Micro, Small and Medium Enterprises (MSMEs) are the backbone of the Indian economy. Entrepreneurship development, job creation and innovation are three key areas in which the contribution of MSMEs is unprecedented. The sector contributes around 45% of manufacturing output, over 40% of exports, over 28% of GDP while creating jobs for around 11.1 million people, which in terms of volume ranks next to the agricultural sector. The heterogeneity of the MSME sector is visible in its size, the products and services provided, access to finance and marketing, and the technology deployed. Despite such diversity, it faces a common set of issues such as physical infrastructure bottlenecks, access to credit, lack of formalization, technology adoption, capacity building, linkages with the market, venture capital, late payments and the system of arbitrary inspections in some territorial jurisdictions. These problems threaten the development of a conducive business environment, hampering the expansion of the sector. To achieve the goal of a five trillion dollar economy, we need a thriving entrepreneurial ecosystem supported by a stable political environment.
The Union government has undertaken significant reforms in recent years to create a conducive business environment. This showed up well in India’s ranking in the World Bank’s Ease of Doing Business (EoDB) ranking. In 2015, India’s rank in EoDB was 142 out of 190 countries, in 2020 India is at the 63rd position. This unprecedented feat has only been achieved through mission-mode structural reforms backed by strong political will and driven by a committed bureaucracy. The former Department of Industrial Policy and Promotion (DIPP) replicated the EoDB concept among Indian states to increase competitiveness and promote a conducive business environment in various states. The MSME sector has also experienced tectonic changes in recent years. Streamlining the investment-based definition and recalibrating slices for MSMEs is a welcome step. Other reforms such as the introduction of a transparent, progressive and easier tax regime under the GST, the launch of the GeM portal and the mandatory procurement target of 25% for the government / PSU, Udyog Aadhar are often seen as an important impetus for the growth and development of MSMEs.
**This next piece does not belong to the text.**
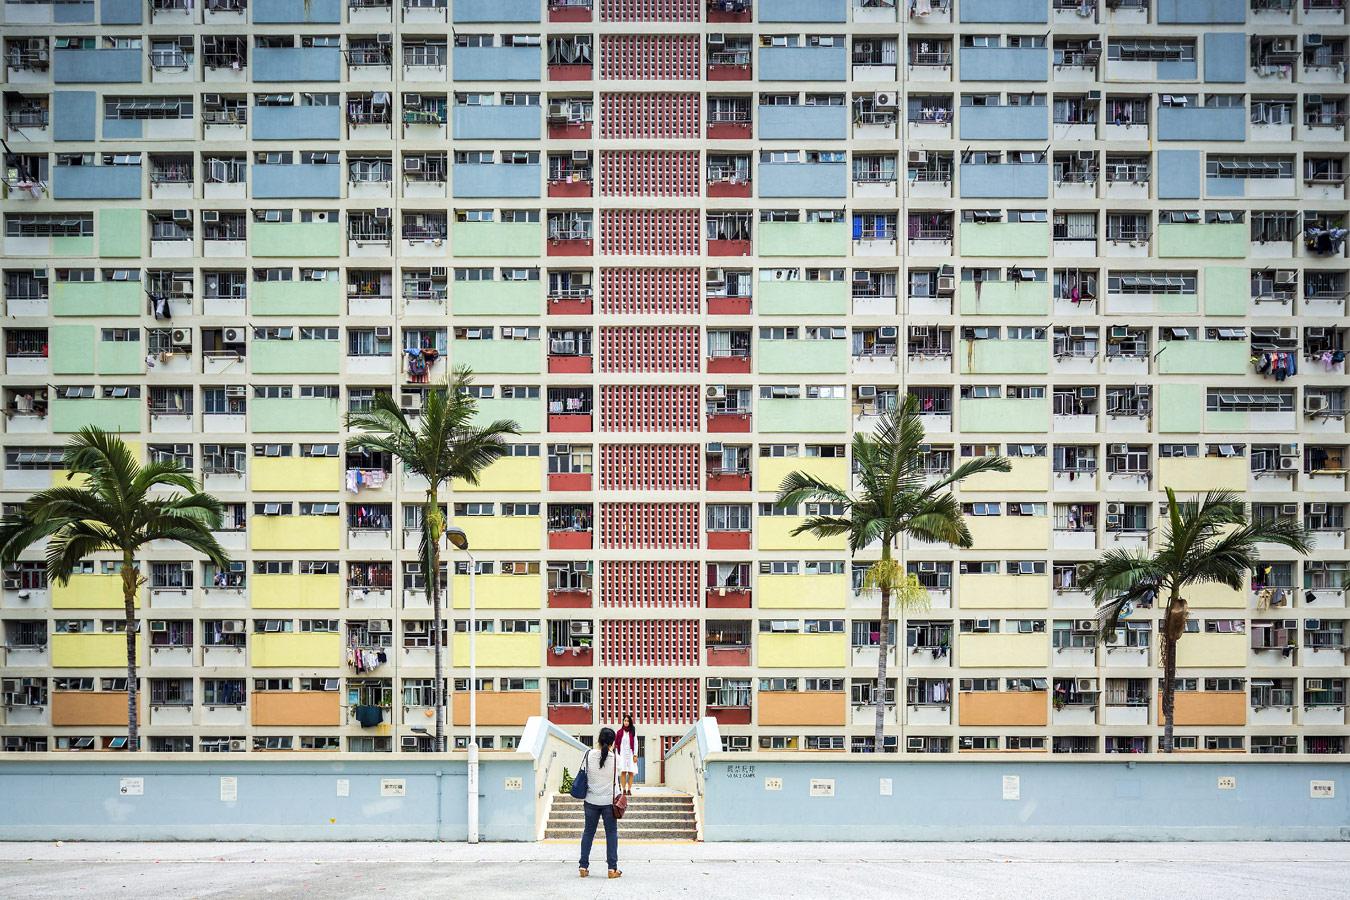 © Фабио Мантовани (Fabio Mantovani), Социальный дом Choi Hung Estate в Гонконге, Конкурс «Архитектурная фотография»

Sadly, Covid-19 put an end to this growth story and dealt a blow not only to MSMEs, but to the global economy as a whole.
As the Indian economy recovers rapidly from Covid-19, green shoots of growth are visible across all sectors. It is imperative that the next round of reforms can be launched in the MSME sector to enable it to reach its full potential.
- Late payments are one of the major problems and MSMEs are reluctant to apply the legal provisions available to them under the MSME Act due to their weak bargaining power. Such delays often lead to the creation of NPAs. Timely payments to MSMEs will reduce financial hardship and NPAs.
- A portal can be created for government debts to the private sector. This will not only bring transparency, but will also help reduce fraud and data theft.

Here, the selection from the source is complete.